WHAT TO WORK ON: Output the listing below verbatim, but drop the images.

AVAILABLE DATA:
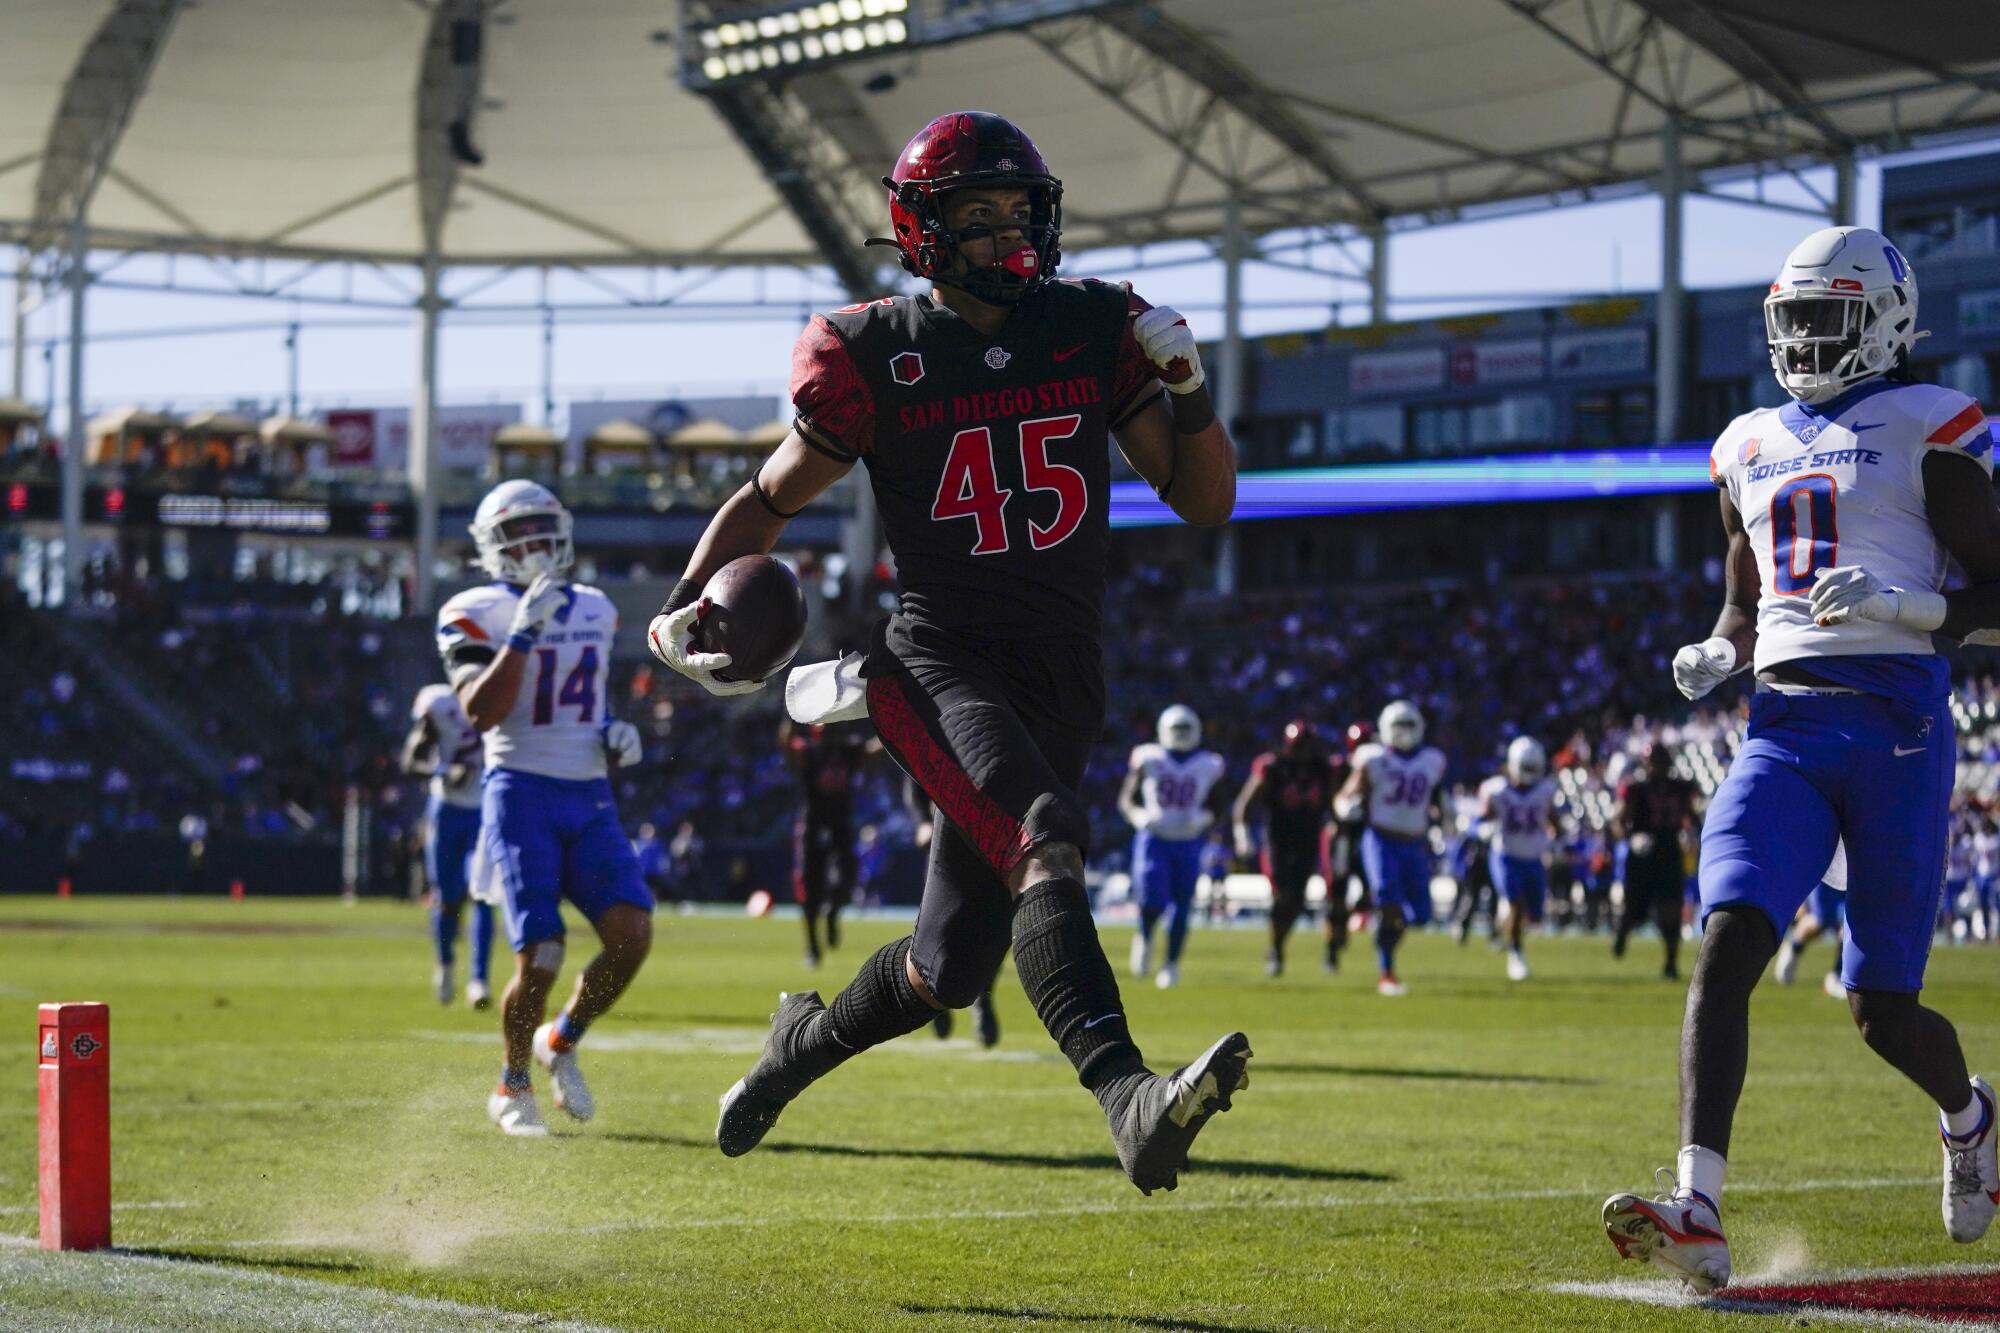 San Diego State's last "home game" against Boise State took place in 2021 in Carson.
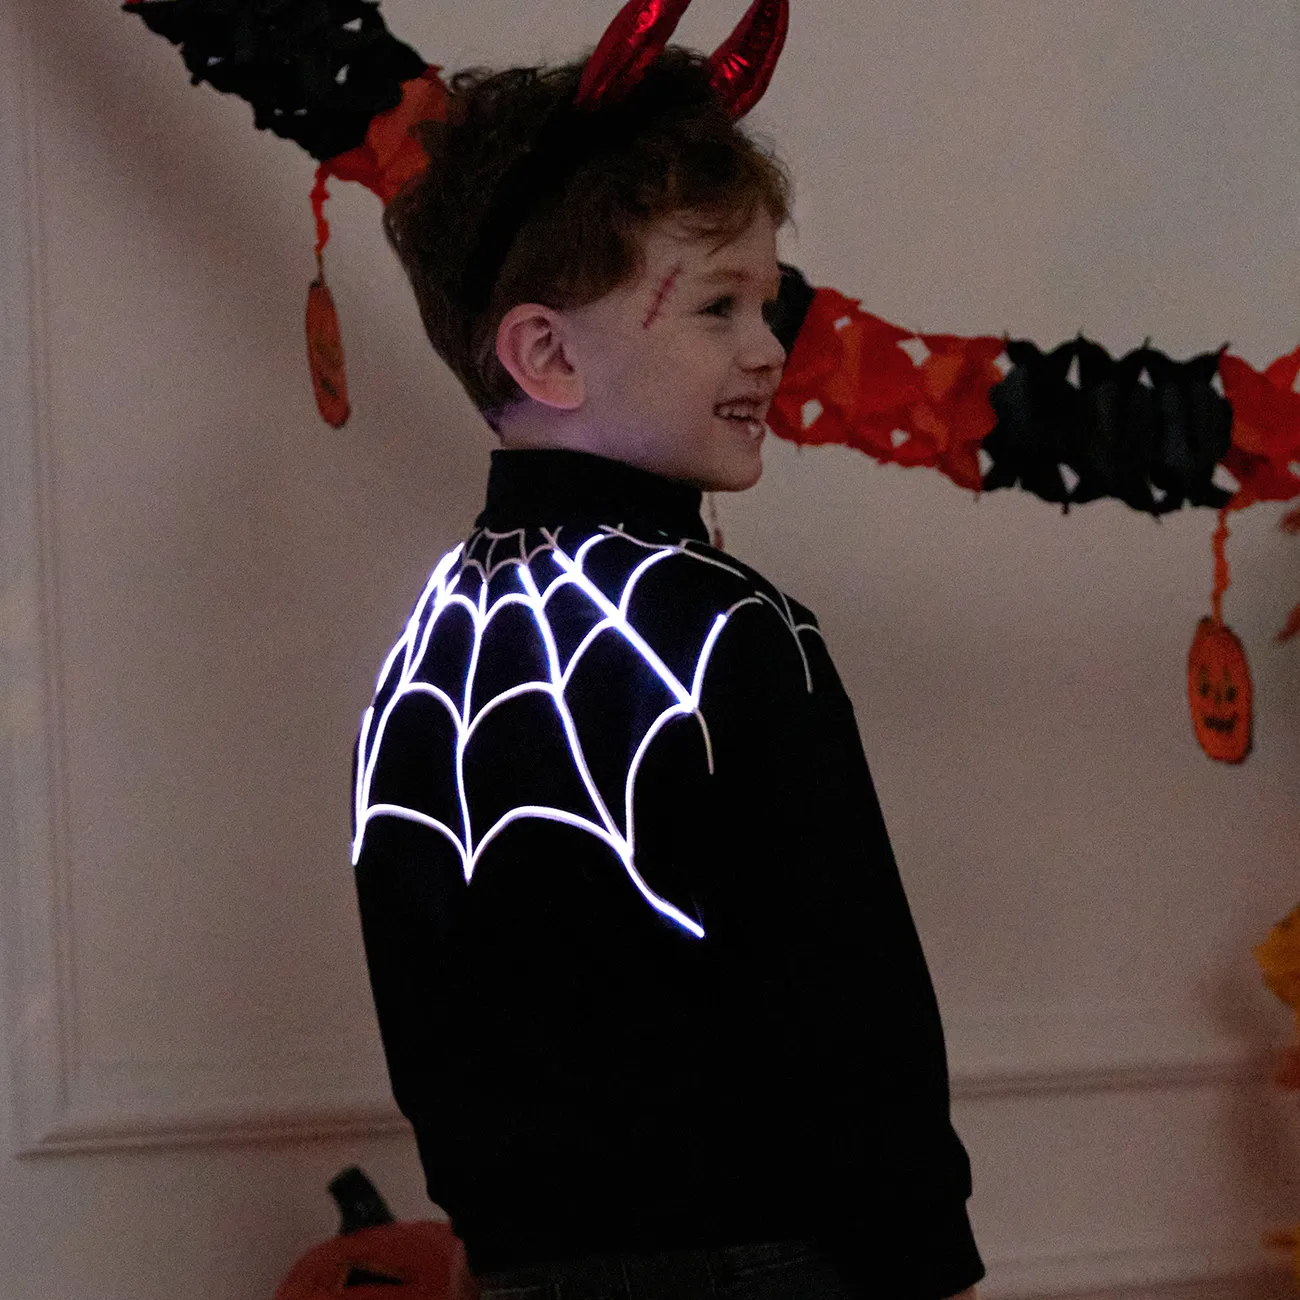 Go-Glow Illuminating Jacket with Light Up Embroidered Spider Web Including Controller (Built-In Battery) Black big image 1
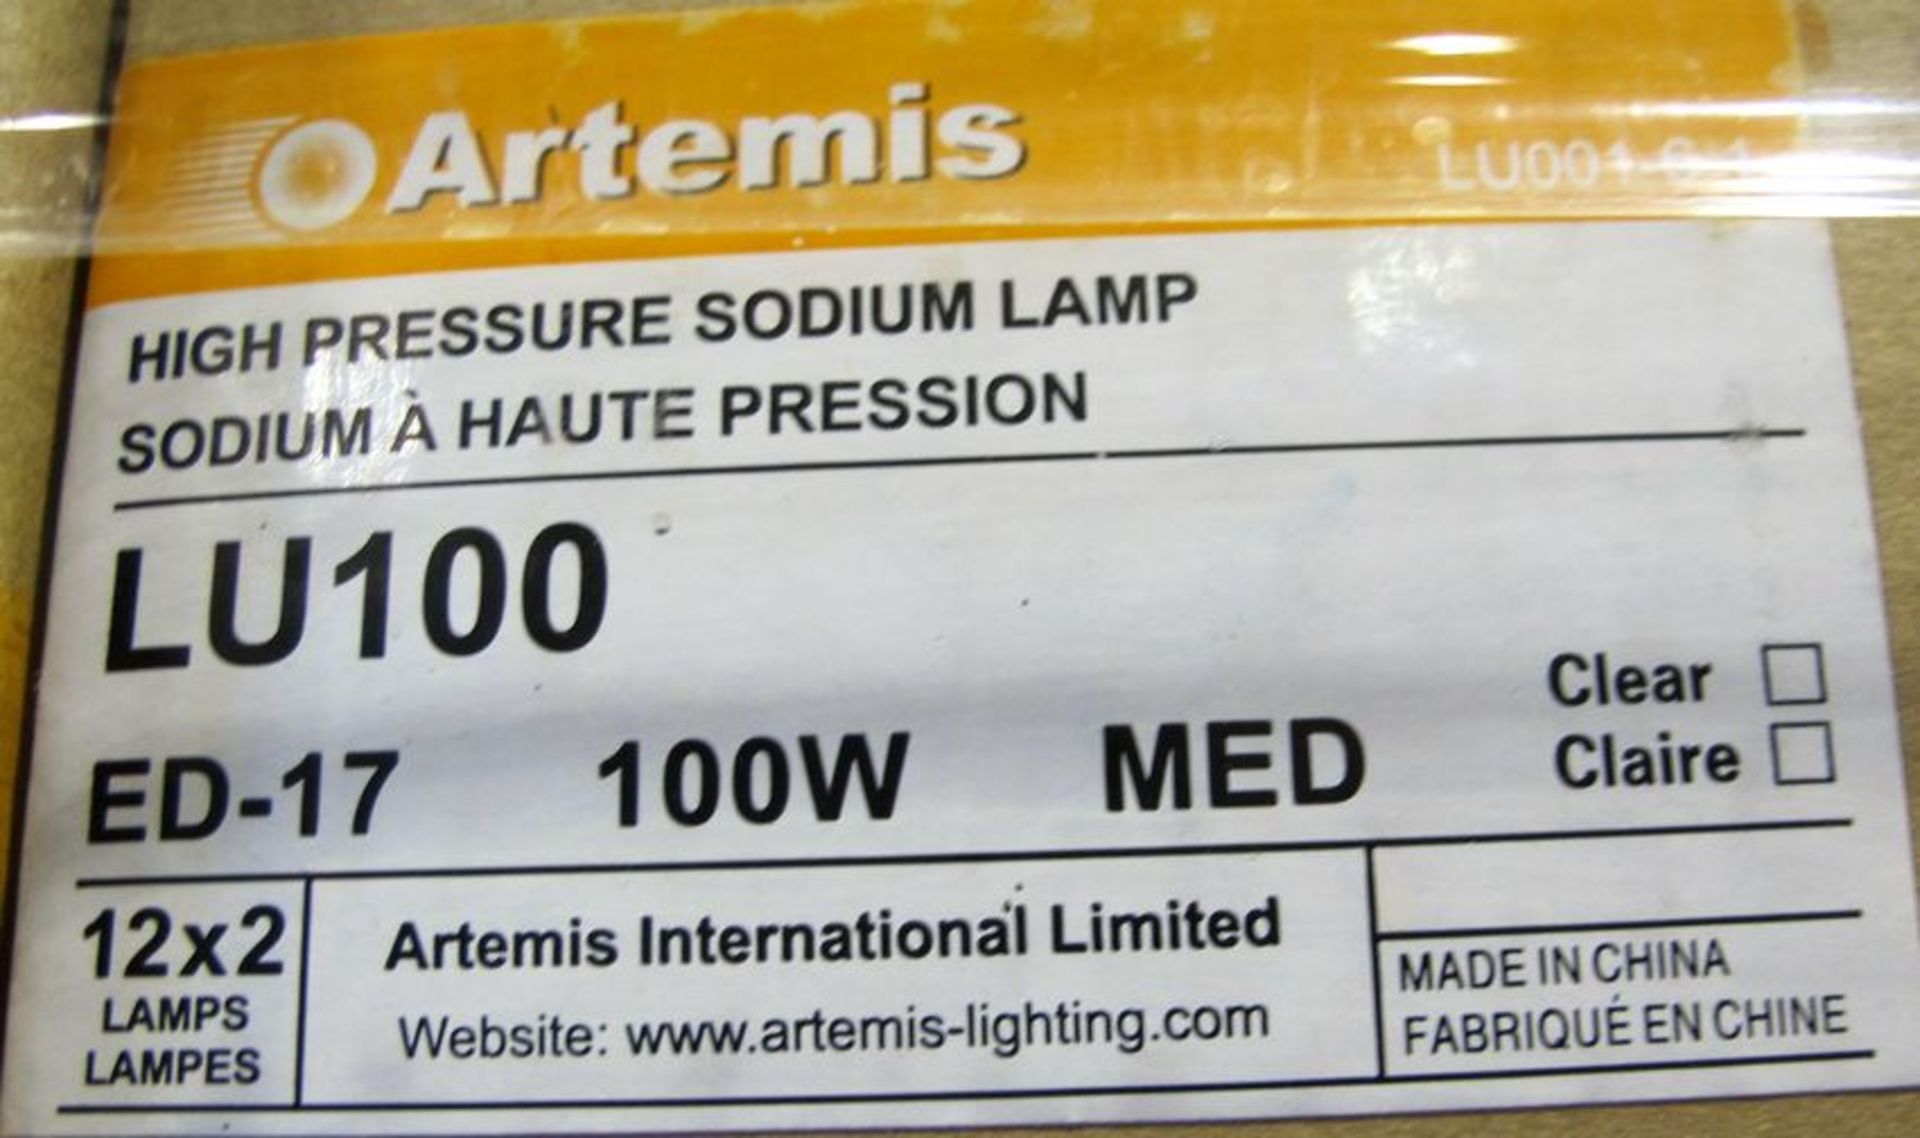 LOT OF (12) PALLETS OF ASST. ARTEMIS HIGH PRESSURE SODIUM LAMPS (APPROX. 1,000 BULBS) W/ ASST. - Image 4 of 13

EXERCISE SOLUTION:
 San Diego State's last "home game" against Boise State took place in 2021 in Carson.
 Go-Glow Illuminating Jacket with Light Up Embroidered Spider Web Including Controller (Built-In Battery) Black big image 1
 LOT OF (12) PALLETS OF ASST. ARTEMIS HIGH PRESSURE SODIUM LAMPS (APPROX. 1,000 BULBS) W/ ASST. - Image 4 of 13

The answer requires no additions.